Негодяи, бросившие камень в окно, конечно, убежали заблаговременно, и гости скоро стали возвращаться обратно: одни — сконфуженные вспышкой овладевшего ими гнева, другие — со смехом, третьи — с тайным сожалением о своих выпачканных башмаках. Многие, отличавшиеся более страстным темпераментом, продолжали еще кричать об оскорблении и угрожали мщением. В другое время все происшествие показалось бы пустяком, но теперь, когда нервы у всех были в высшей степени натянуты, оно получило крайне неприятный и угрожающий оттенок.
Пока гости отыскивали на улице виновников этого происшествия, в разбитое окно образовалась тяга. От движения ветра занавесь приблизилась к подсвечникам и разом вспыхнула. Ее удалось, однако, быстро сорвать. Тем не менее запах гари распространился по всем комнатам. Испуганные лица женщин, разбитое окно, запах гари — все это производило такое впечатление, как будто комната подверглась настоящему разгрому.
Меня не удивило, что Сент-Алэ, вернувшись с улицы, помрачнел еще больше.
— Где моя сестра? — спросил он резко, почти грубо.
— Она здесь, — отвечала маркиза.
Дениза давно уже подбежала к ней и крепко держалась за нее.
— Ее не ушибло?
— К счастью, нет, — отвечала маркиза, лаская девушку. — Жаловаться может только виконт де Со.
— Спасите меня от друзей, не так ли, монсеньер, — сказал Сент-Алэ с нехорошей усмешкой.
Это меня взбесило. Смысл, который он придавал этим словам, был ясен.
— Если вы предполагаете, — резко сказал я, — что я знал о таких выходках…
— Что вы что-нибудь знали? Конечно, нет, — с беззаботным видом возразил он. — Мы еще до этого не дошли. Невозможно предположить, чтобы кто-либо из присутствующих сделался сообщником этих негодяев. Однако это может дать нам хороший урок, господа, — продолжал он, обращаясь к окружавшим его гостям. — И этот урок говорит, что нам должно крепко держать свое, иначе мы все пропадем.
Гул одобрения прошел по комнате.
— Надо защитить наши привилегии.
Человек двадцать заявили о том, что они вполне с этим согласны.
— Выставить наше знамя! — продолжал оратор, поднимая руку. — Теперь или никогда!
— Теперь, теперь!
Кричали уже не одни мужчины, но и женщины. Вся комната с энтузиазмом вторила ему. Глаза мужчин блестели, слышалось их тяжелое дыхание, щеки загорелись румянцем. Здесь даже самый слабый приобретал влияние и кричал так же громко, как и другие.
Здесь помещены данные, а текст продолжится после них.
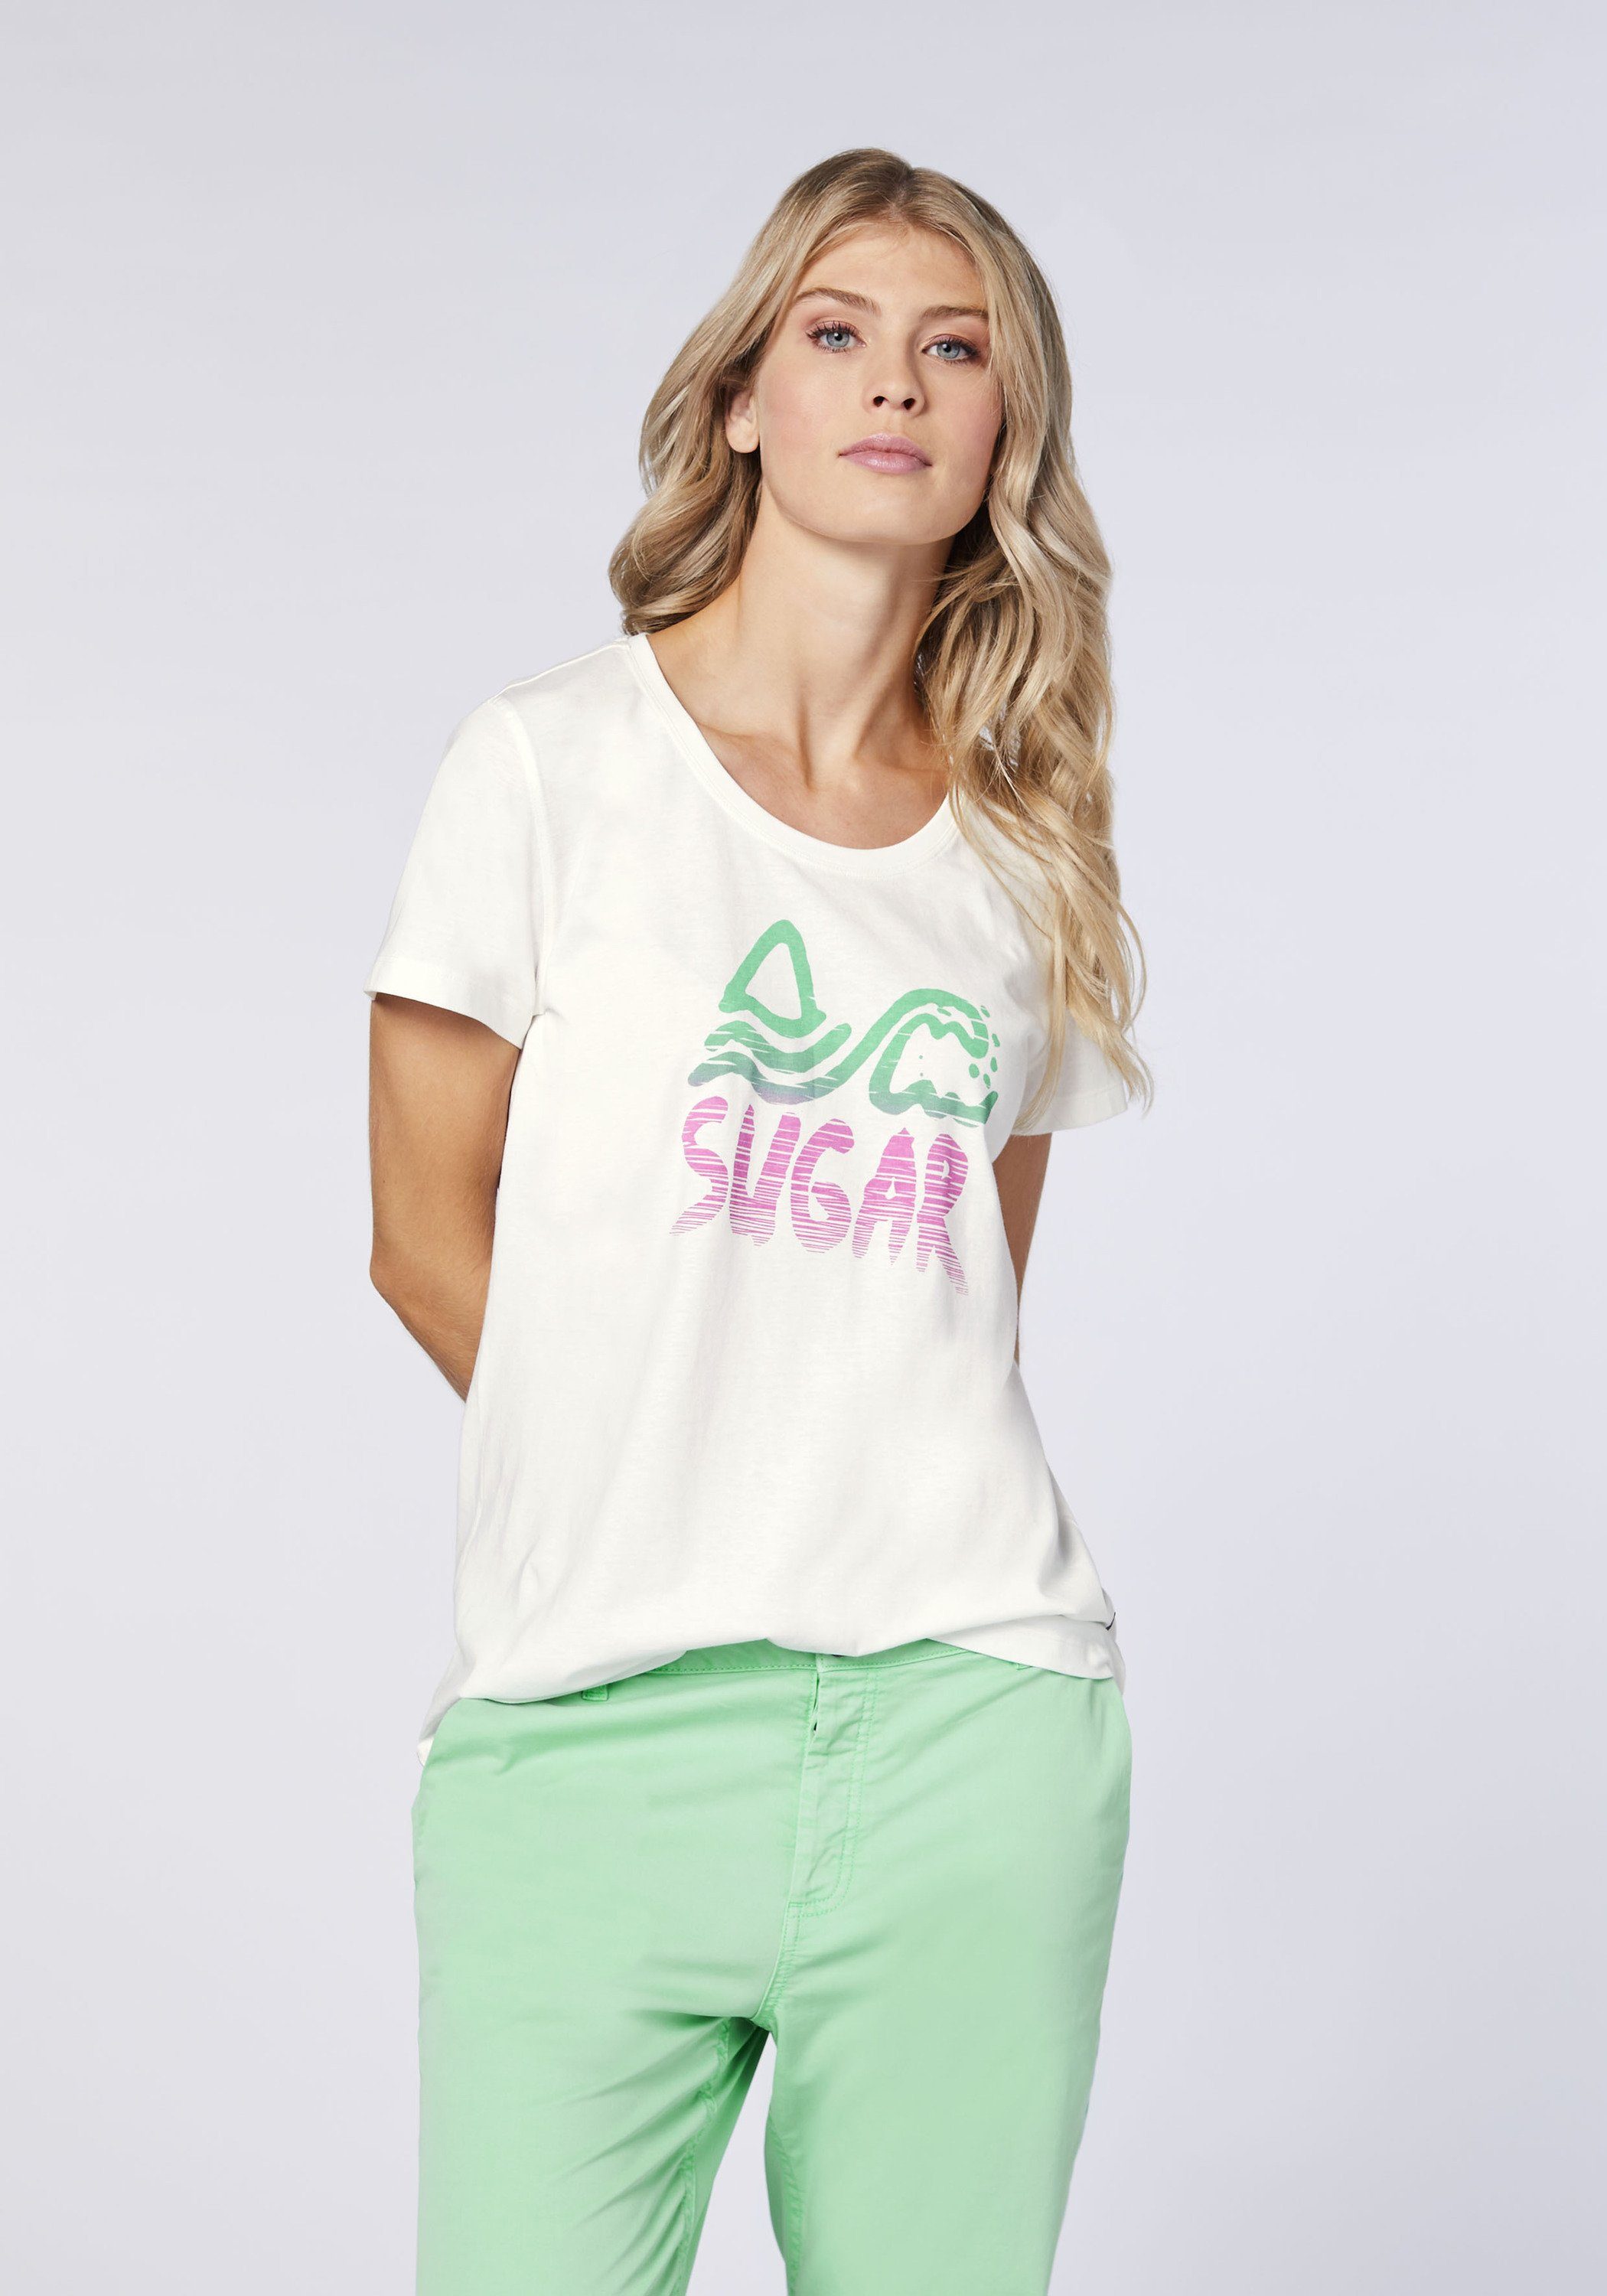 Frontprint Print-Shirt farbenfrohem Pink 1 White/Light mit Chiemsee T-Shirt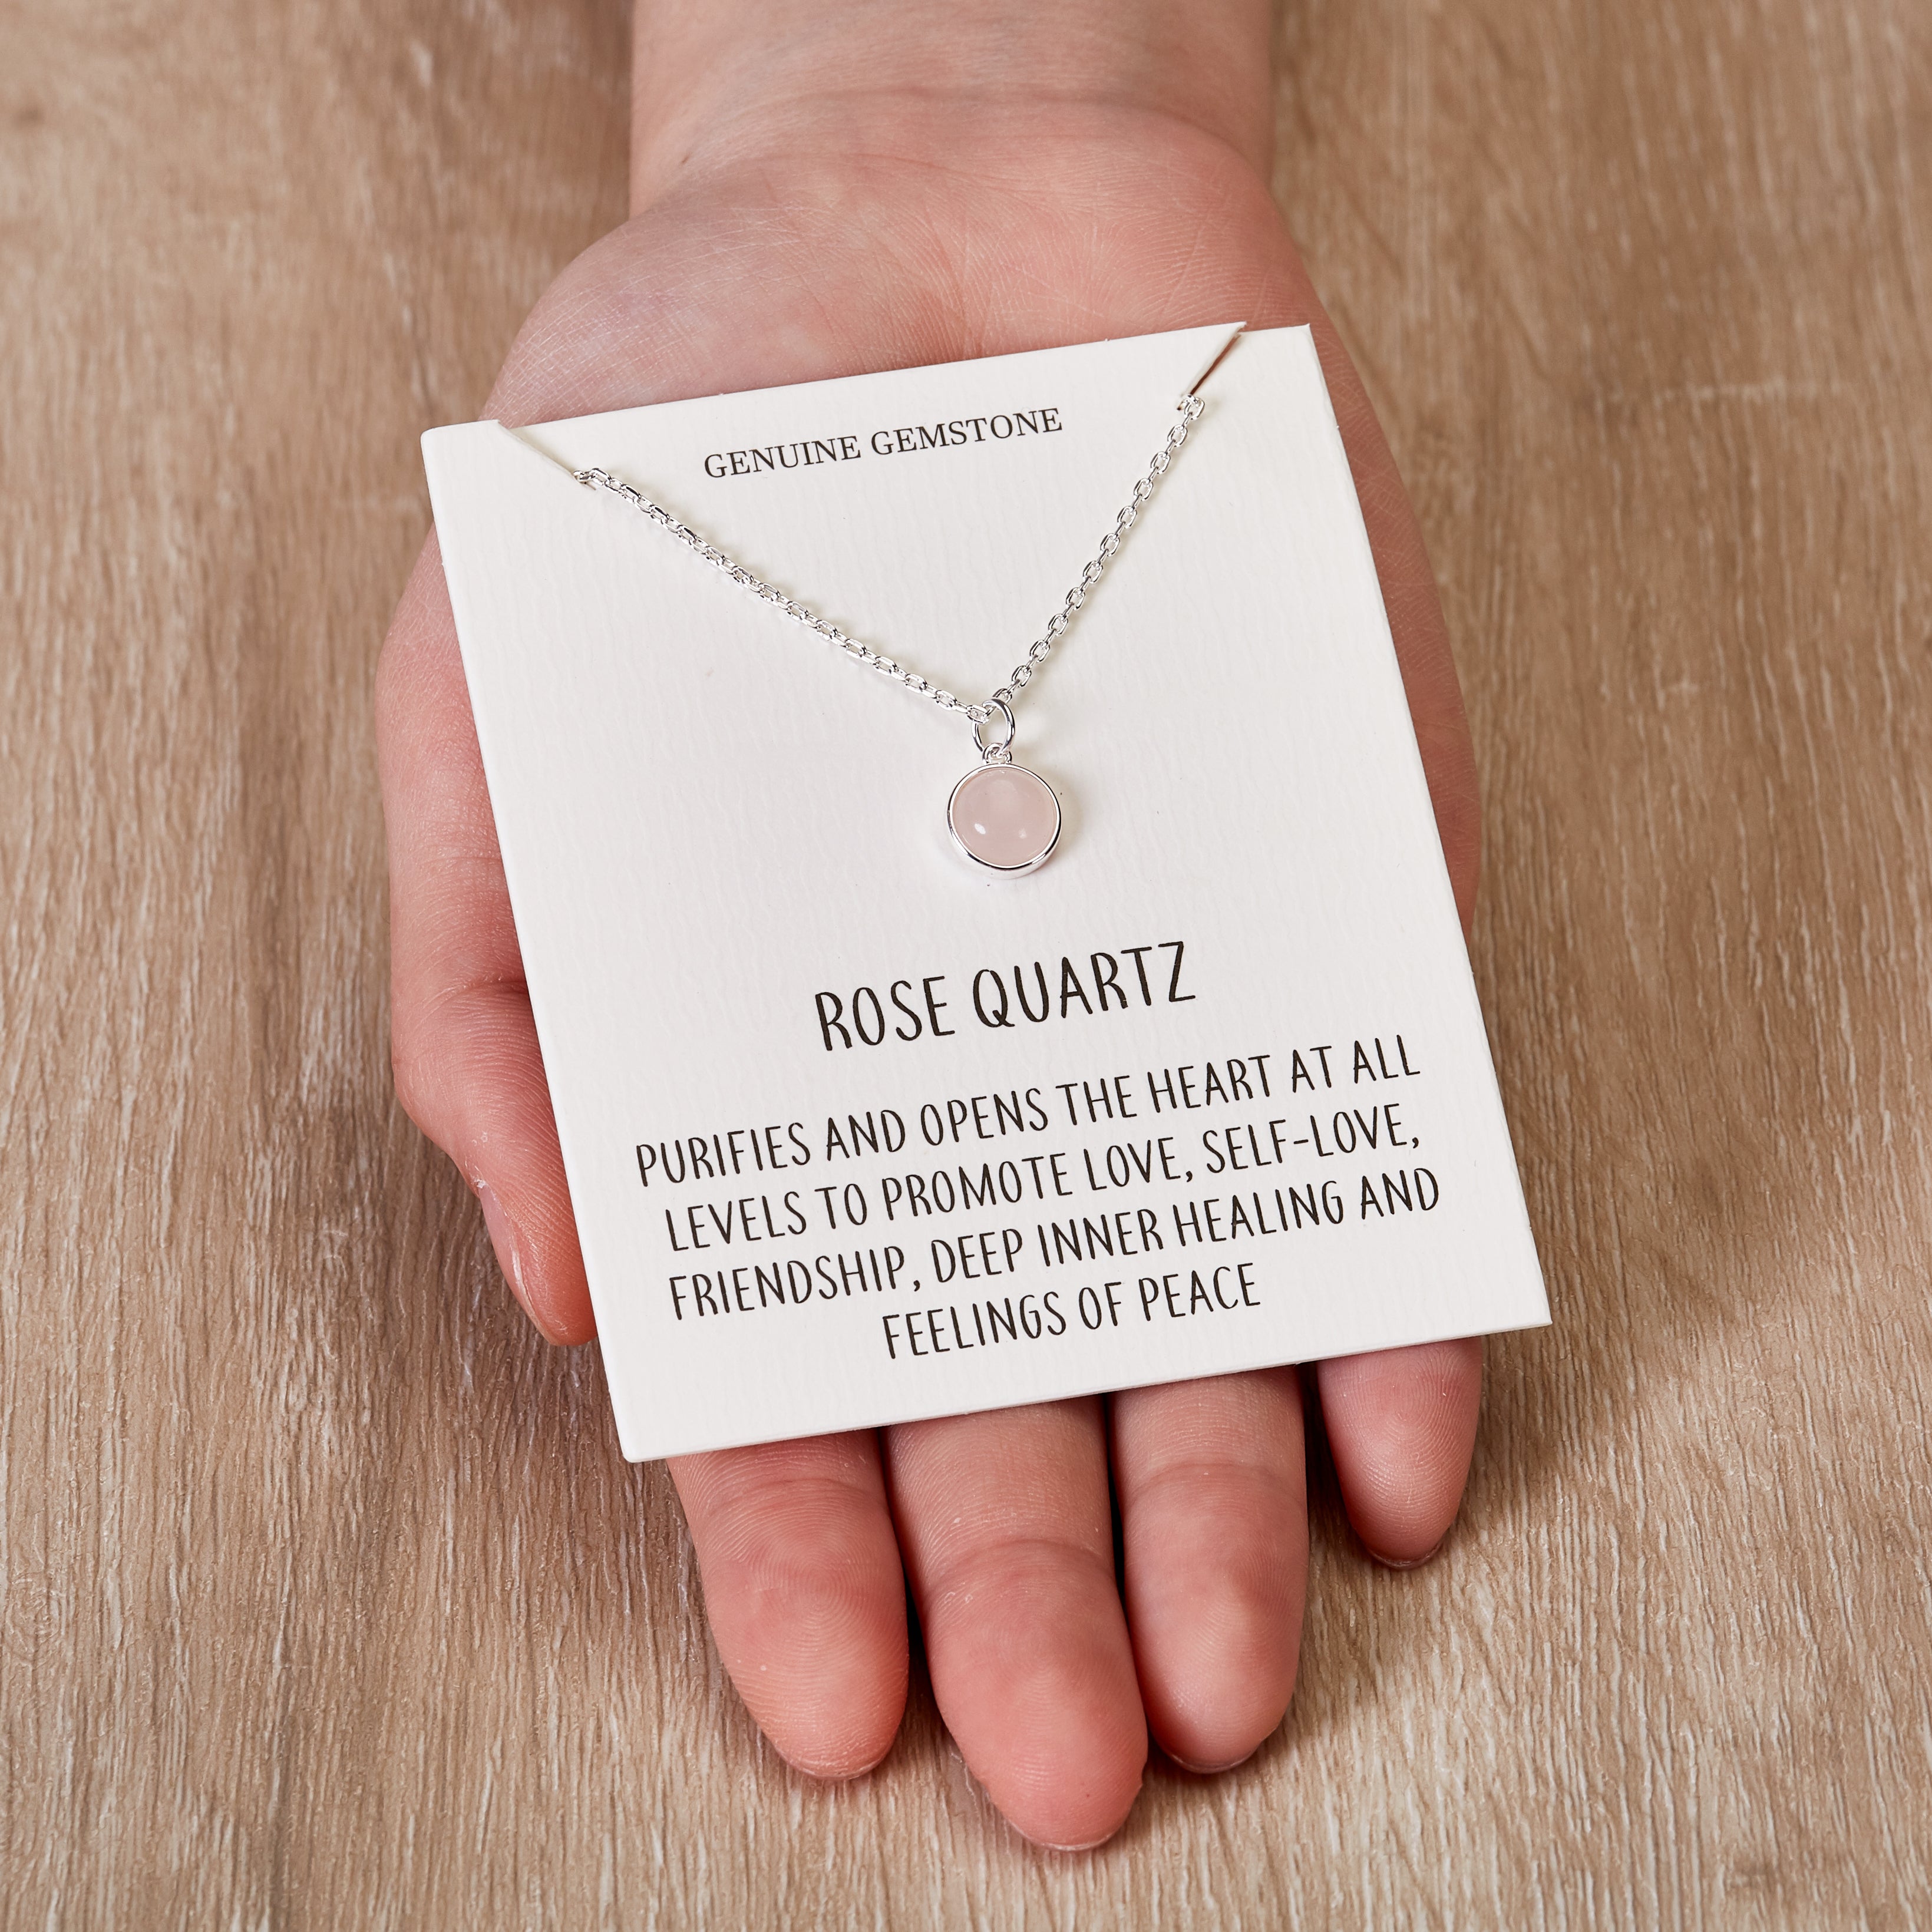 Rose Quartz Necklace with Quote Card

Я никогда потом не мог дать себе полного отчета в том, что произошло, никогда не мог уяснить себе, было ли все это подготовлено заранее, или же вдруг родилось само собой, из охватившего всех энтузиазма.
Пока от раздававшихся криков звенели стекла, и все внимание было сосредоточено на маркизе де Сент-Алэ, он выступил вперед и театральным жестом обнажил шпагу.
— Господа! — воскликнул он. — Мы все одного образа мыслей, здесь у всех одни и те же слова. Так пусть у нас будет и единый образ действий. В то время, как весь мир сражается для того, чтобы завладеть чем-нибудь, мы одни думаем только о защите. Соединимся, пока не поздно, и докажем, что мы еще в состоянии бороться. Мы знаем о клятве в Jeu de paume 20 июня[10].
Давайте поклянемся 22 июля. Мы не будем поднимать рук, как эти говоруны, которые чего только не обещают. Мы поднимем наши шпаги. Как дворяне, дадим клятву стоять за права и привилегии нашего сословия.
В ответ поднялся такой крик, что заколыхалось пламя. Его было слышно и на улице и, вероятно, даже на рынке, находившемся довольно далеко. Многие выхватили шпаги и размахивали ими над головами. Дамы махали платками и веерами.
— В большую залу! В большую залу! — раздались голоса.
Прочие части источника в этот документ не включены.